=== Brief ===
Every line below from the one with "Cycloidal- panoramic view" through the one with "GLENDALE, ARIZONA - DECEMBER" should be retyped exactly, both ends included; no other lines and no pictures.

=== Material for this task ===

-=-=-=-=-

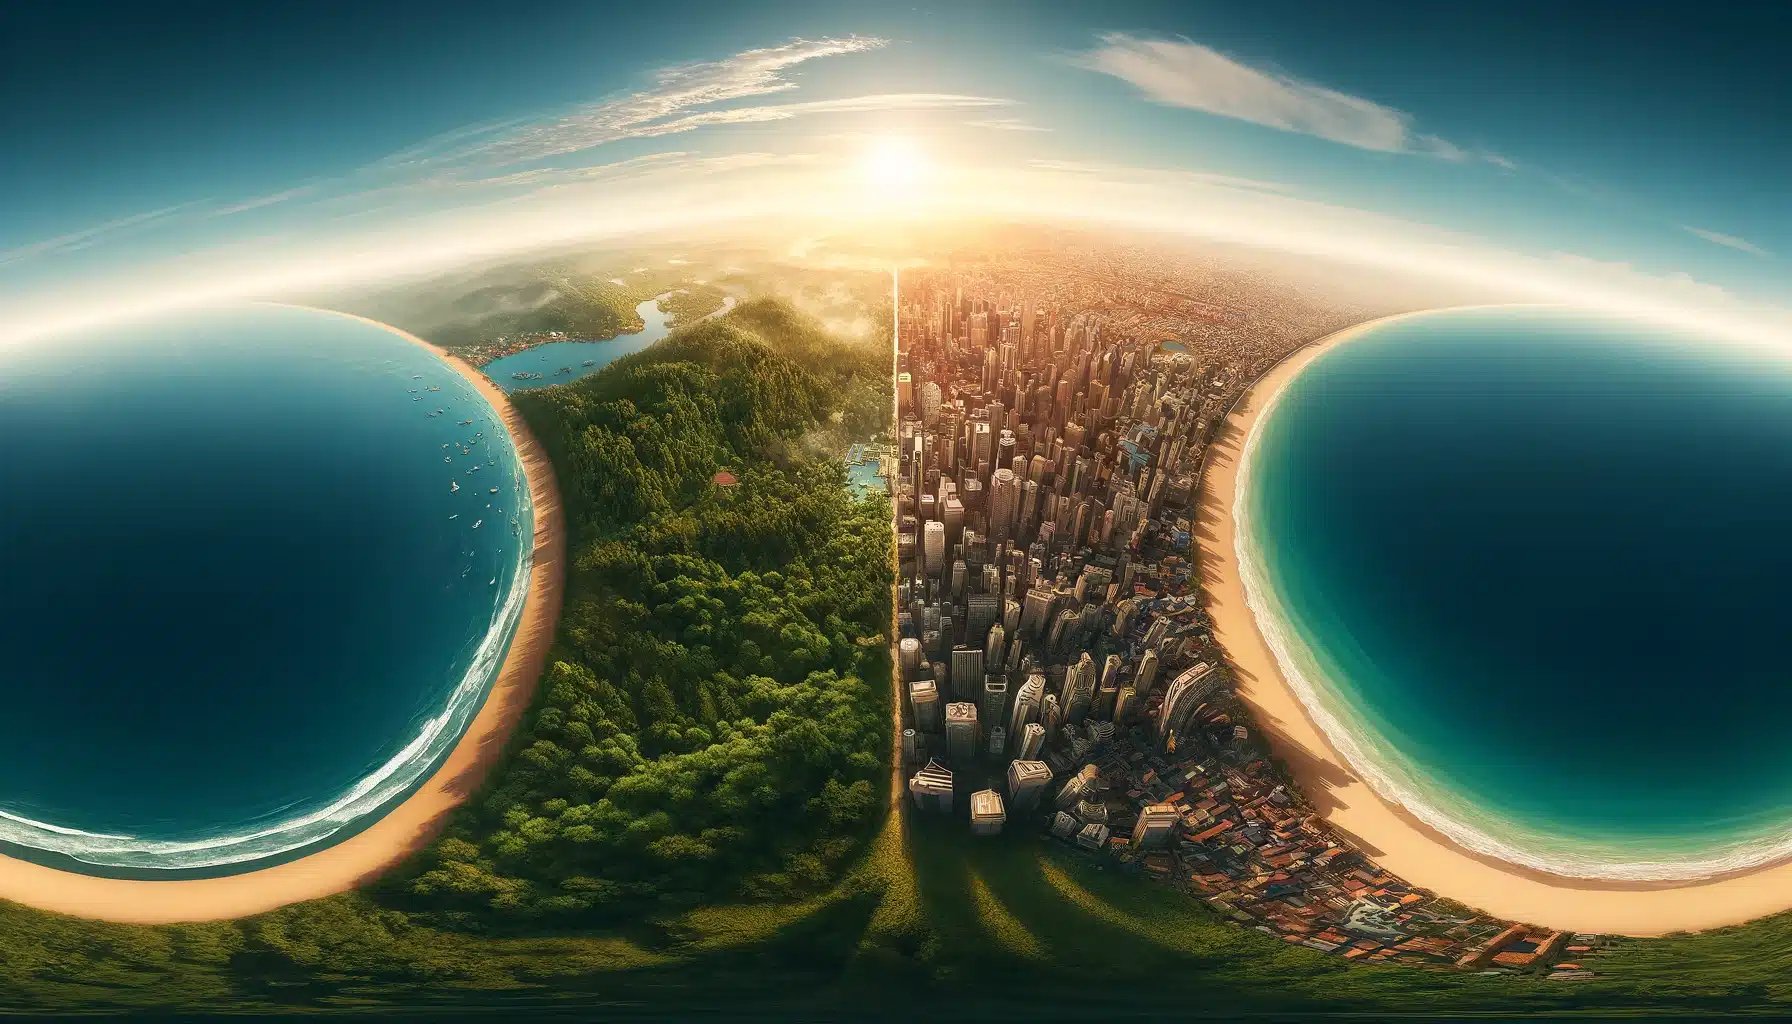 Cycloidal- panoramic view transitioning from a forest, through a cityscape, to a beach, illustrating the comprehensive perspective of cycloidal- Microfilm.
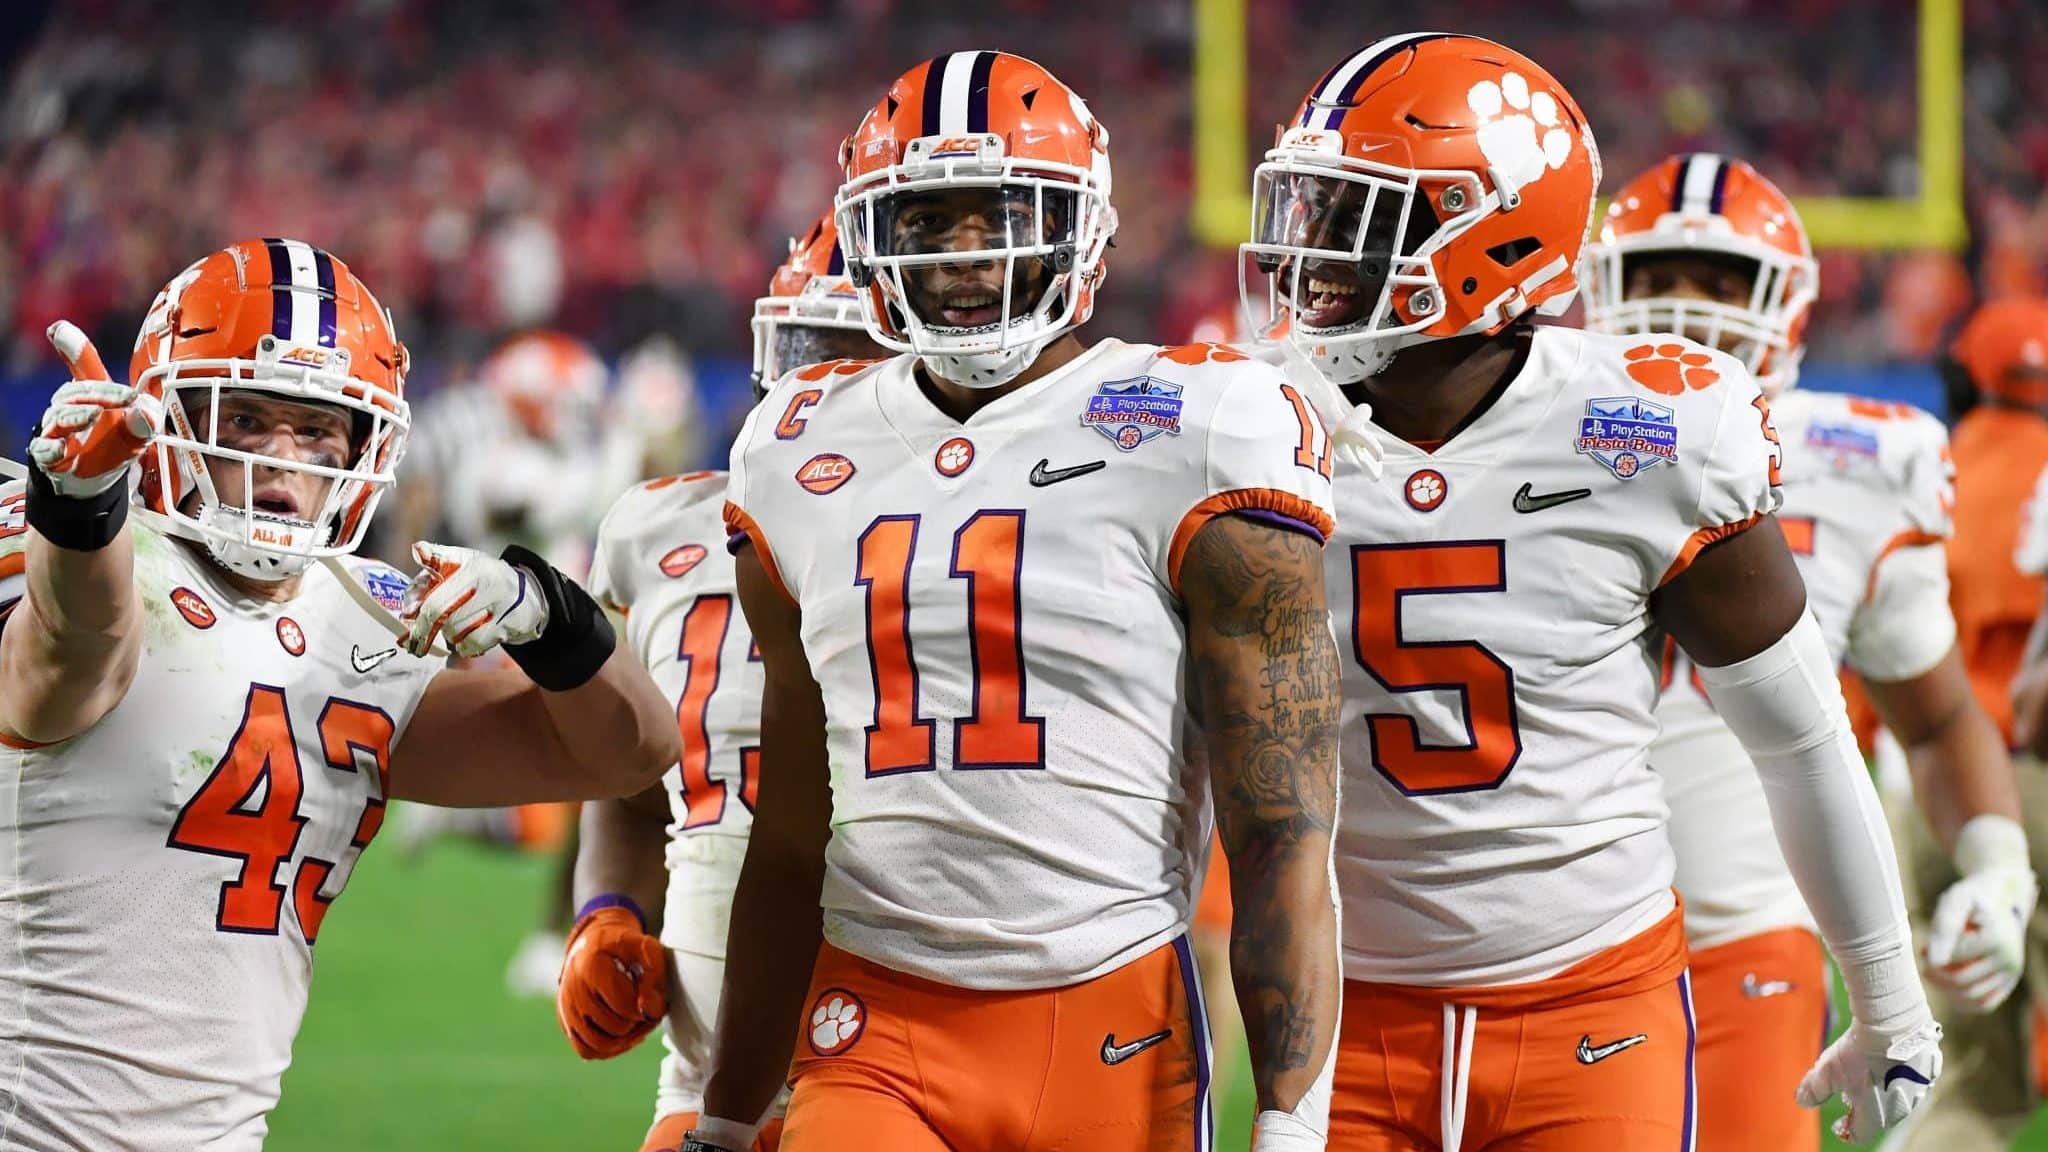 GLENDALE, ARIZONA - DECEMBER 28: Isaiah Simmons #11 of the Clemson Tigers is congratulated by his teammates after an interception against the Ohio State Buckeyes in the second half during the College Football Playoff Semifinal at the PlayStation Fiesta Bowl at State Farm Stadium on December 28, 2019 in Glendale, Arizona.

-=-=-=-=-

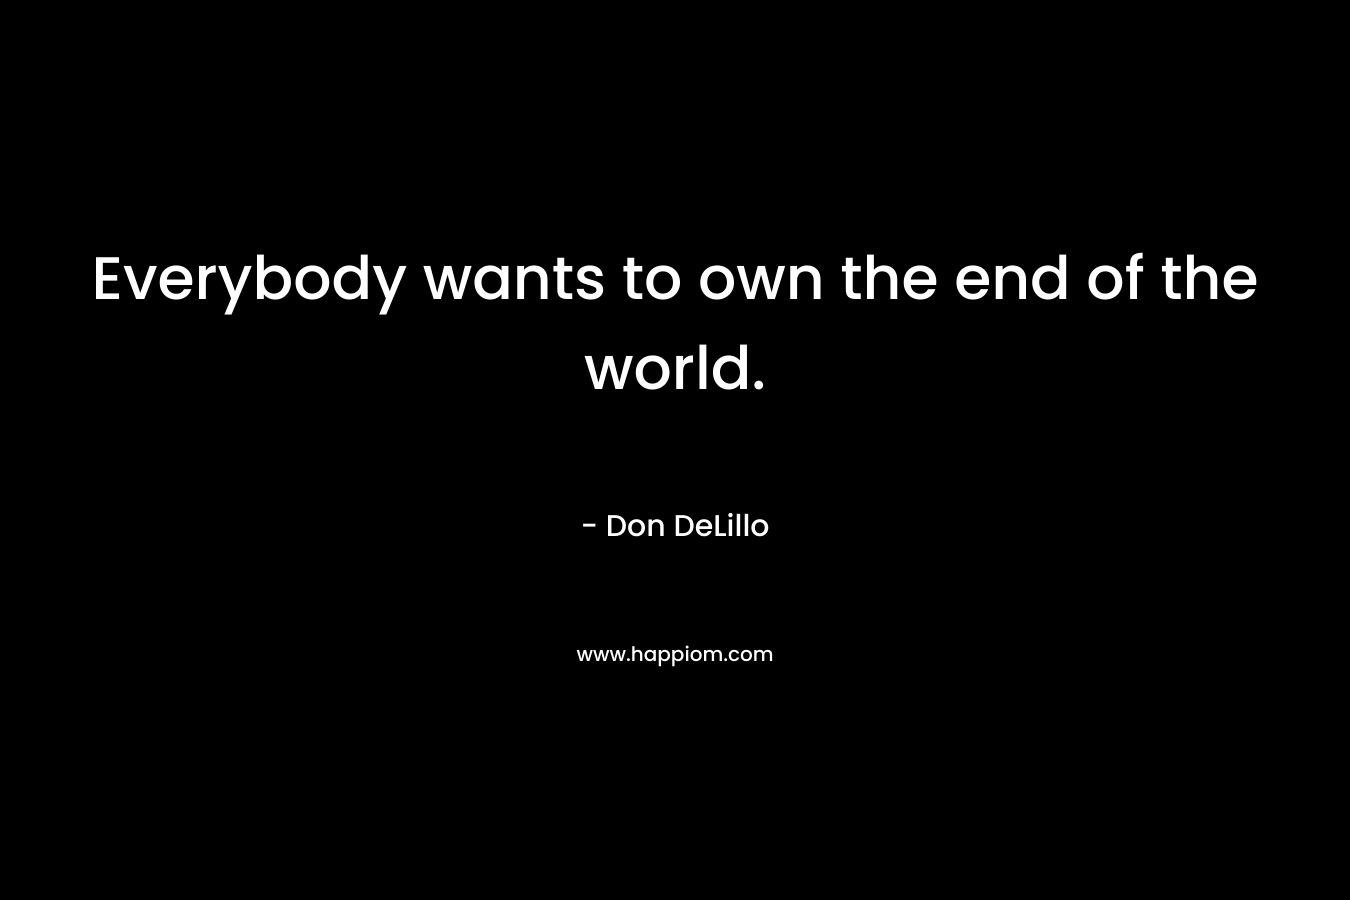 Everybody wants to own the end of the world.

-=-=-=-=-

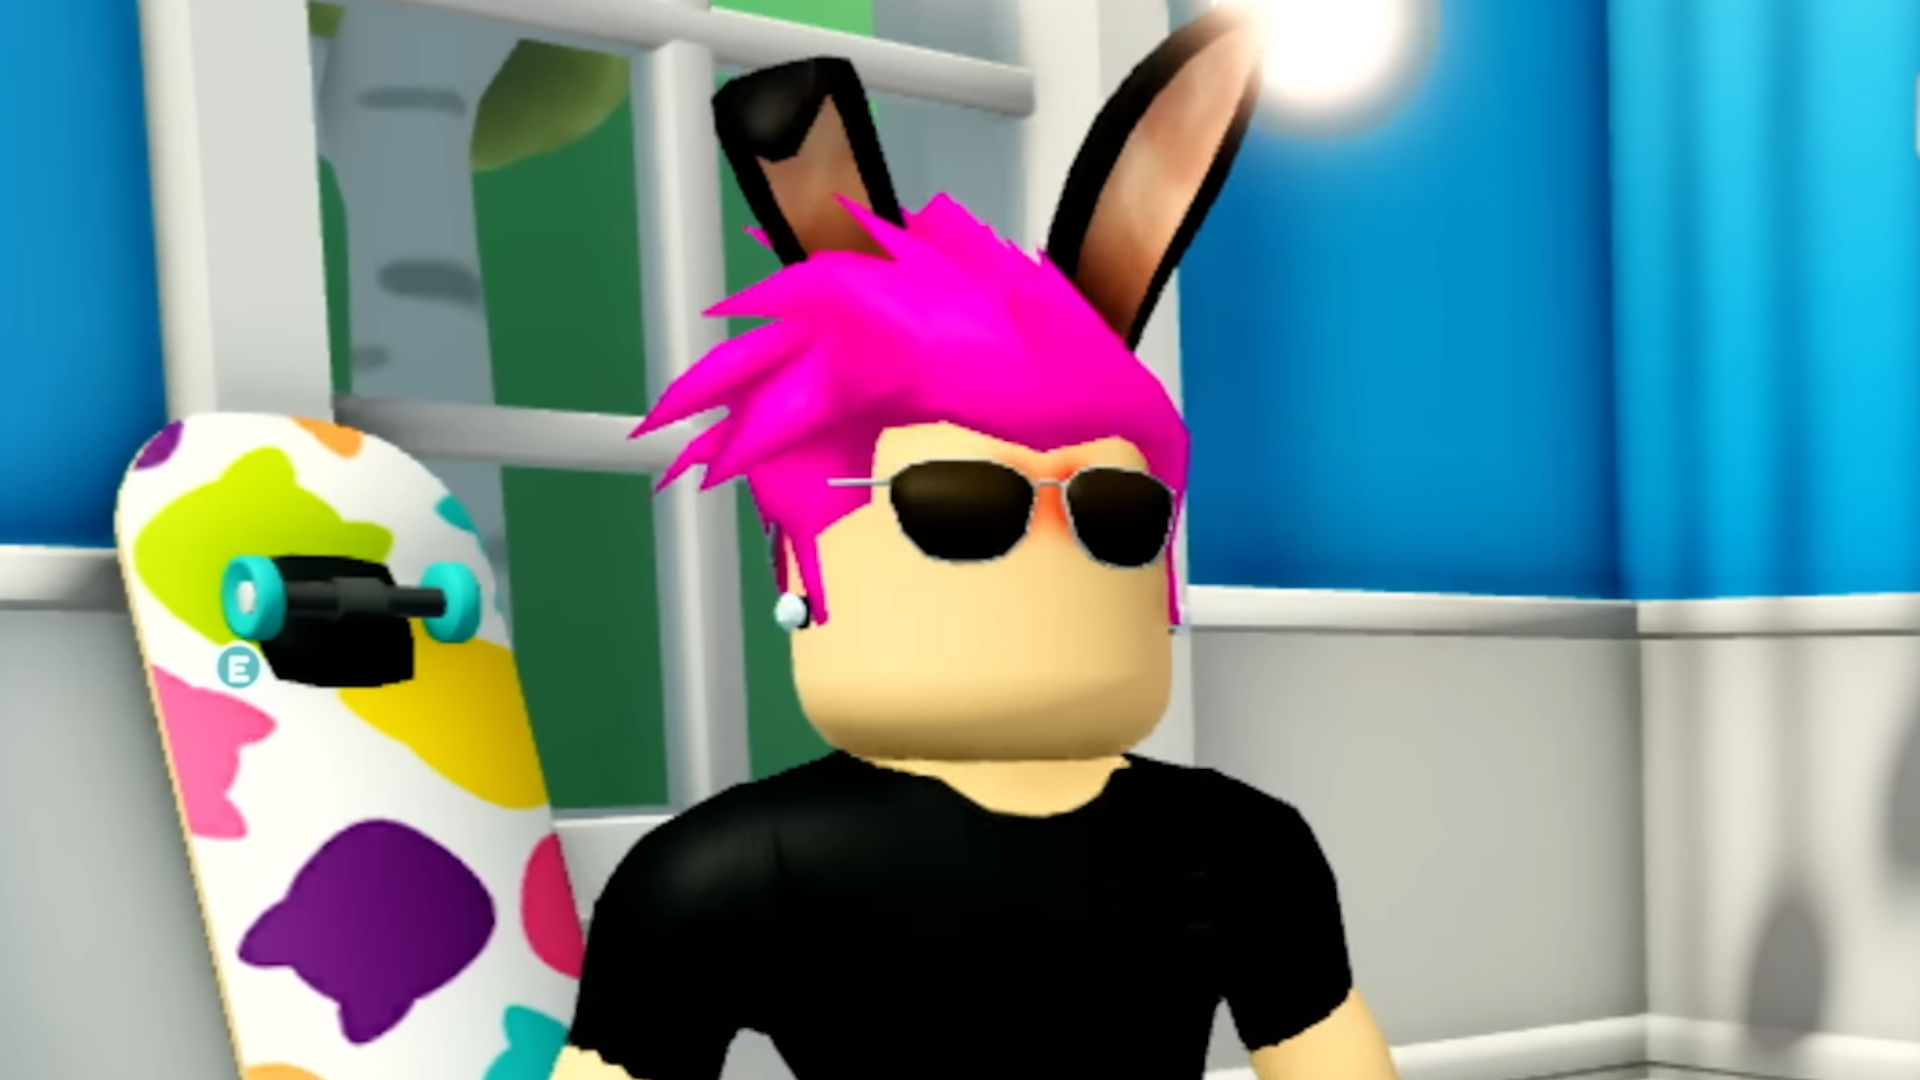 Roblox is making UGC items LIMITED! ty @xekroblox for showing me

-=-=-=-=-

=== Answer box ===
 Cycloidal- panoramic view transitioning from a forest, through a cityscape, to a beach, illustrating the comprehensive perspective of cycloidal- Microfilm.
 GLENDALE, ARIZONA - DECEMBER 28: Isaiah Simmons #11 of the Clemson Tigers is congratulated by his teammates after an interception against the Ohio State Buckeyes in the second half during the College Football Playoff Semifinal at the PlayStation Fiesta Bowl at State Farm Stadium on December 28, 2019 in Glendale, Arizona.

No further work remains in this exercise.